CHAPTER X.

I don't suppose you will be astonished at a curious encounter which has just taken place.

I must tell you that in my uncle's character while in Paris, Barbassou-Pasha, General in the Turkish cavalry, predominates over Captain Barbassou the sailor. He takes a ride every morning, and I of course accompany him. These are our occasions both for intimate talks and for discussing serious questions; and I beg you to understand that my uncle's notions upon the latter are by no means ordinary ones. He adorns such questions with quite original views—views which are certainly not the property of any other mortal known or likely to be known in this world below. He starts a subject for me, and I give him the cue as well as I can. I know of nothing more instructive than to follow his lines of argument—he has a separate one for each subject—upon different departments of private and political life, judged from his own standpoint. As a legislator I fancy he would commit radical mistakes; but as a philosopher, I doubt very much if a match could be found for him, for I don't think that his methods can be compared with those of any existing school of thought.

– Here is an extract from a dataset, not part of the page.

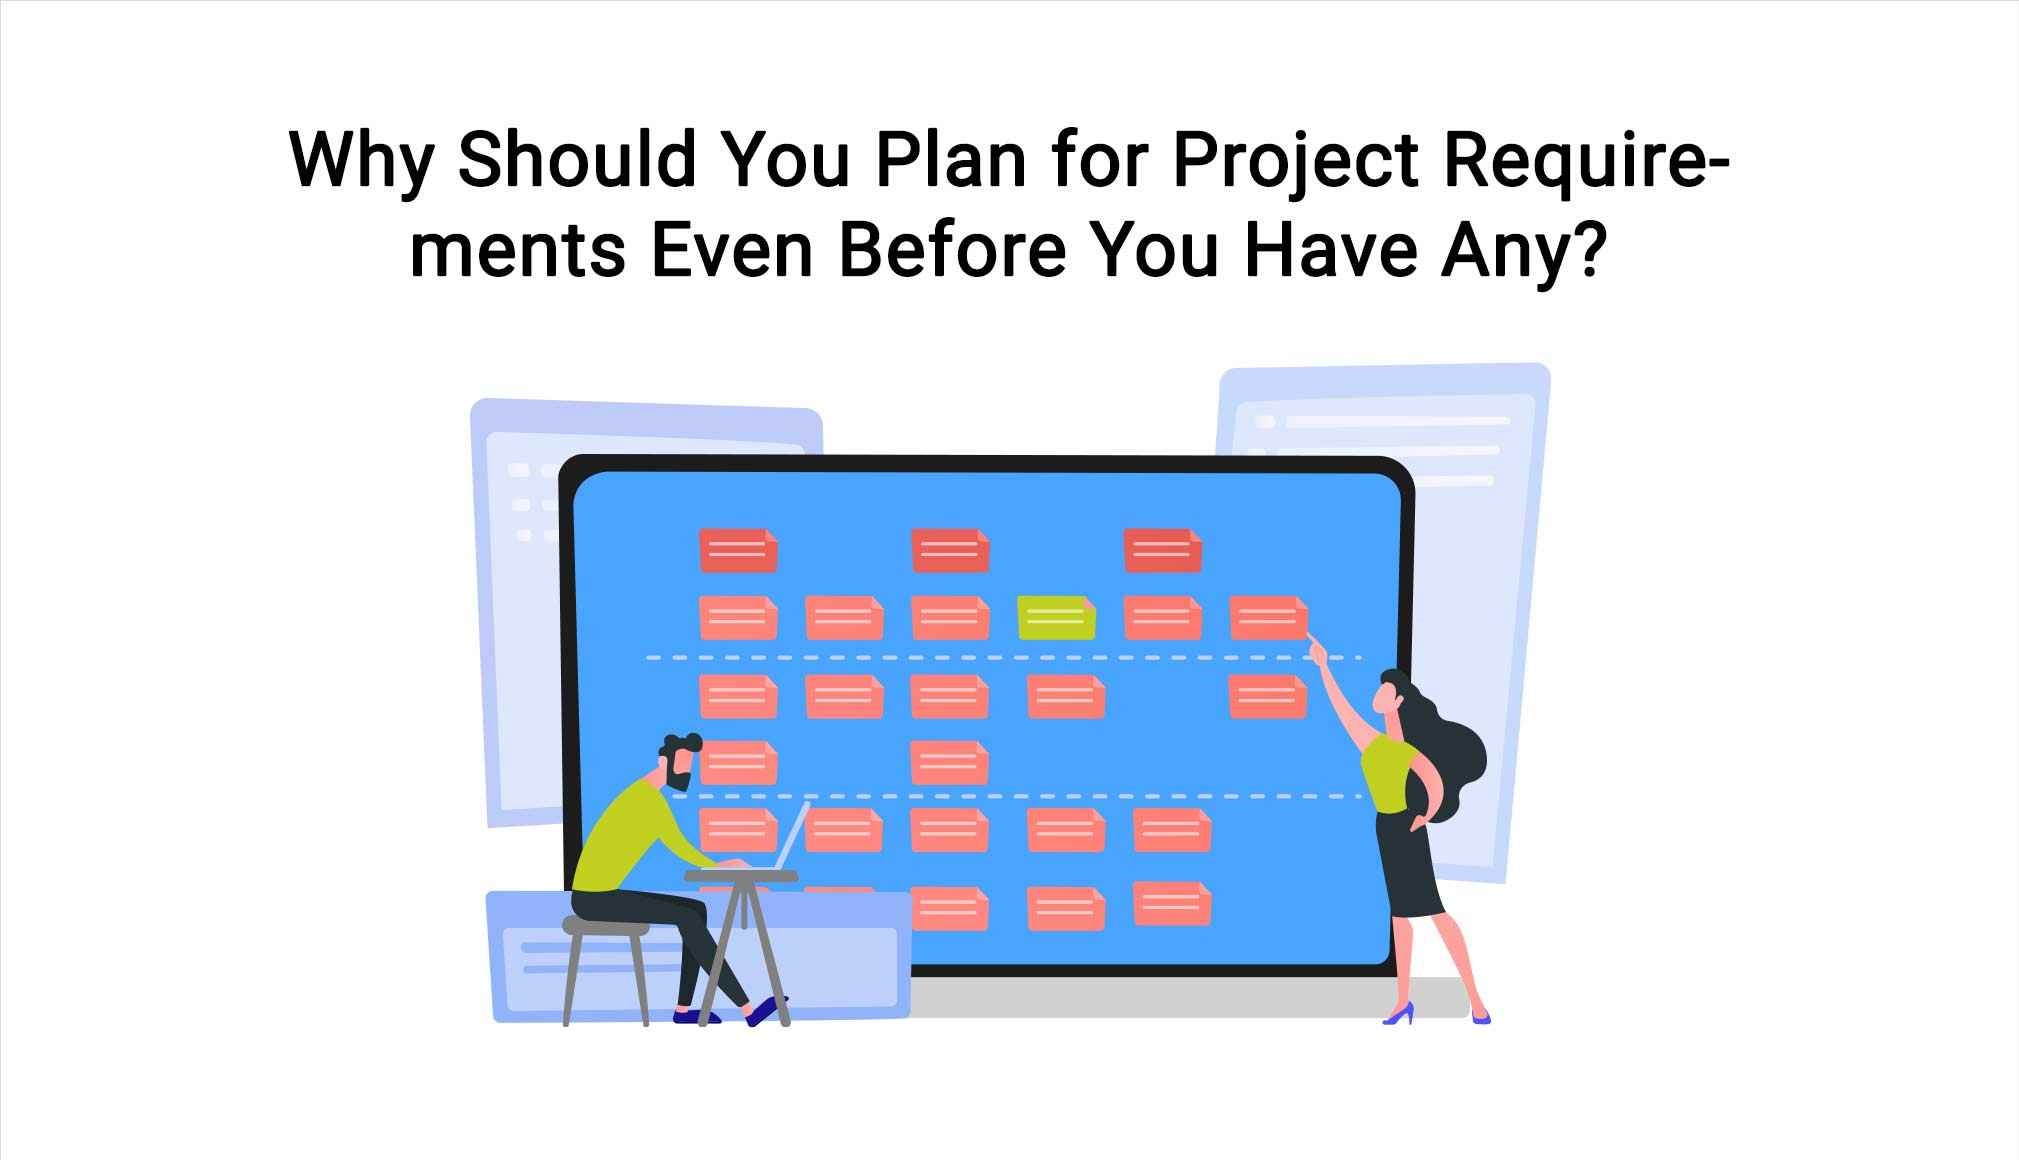 Why Should You Plan For Project Requirements Even Before You Have Any?

The other morning we went to the forest of Mendon; my uncle, as a lover of the picturesque, considers that the Bois de Boulogne, with its lake, looks as if it had been taken out of a box of German toys. We arrived at Villebon, a sort of farm situated in the middle of the forest, with a few fields attached to it. There is a restaurant there, which is much frequented on Sundays during the summer.

My uncle, enchanted with the place, wanted to stop and take his glass of madeira there. So, leaving our horses in charge of a stable-boy, we went into one of the rooms. At a table at the further end, quite a stylish-looking woman, who looked as if she were out with somebody on the spree, was sitting by herself, finishing a liqueur-ice, with her hat off and lying by her side. Her figure, as viewed from the back, was exquisite, with graceful and well-set shoulders, an elegantly poised neck with a lovely little dimple on the nape, crowned by a luxuriant chignon, from which emerged a profusion of rebellious tresses——.

"Waiter! Madeira, please!" shouted my uncle in his formidable bass voice.

At this unexpected explosion, the strange lady jumped up from her chair and looked suddenly round. But directly she saw the captain, she screamed out and fainted away all at once.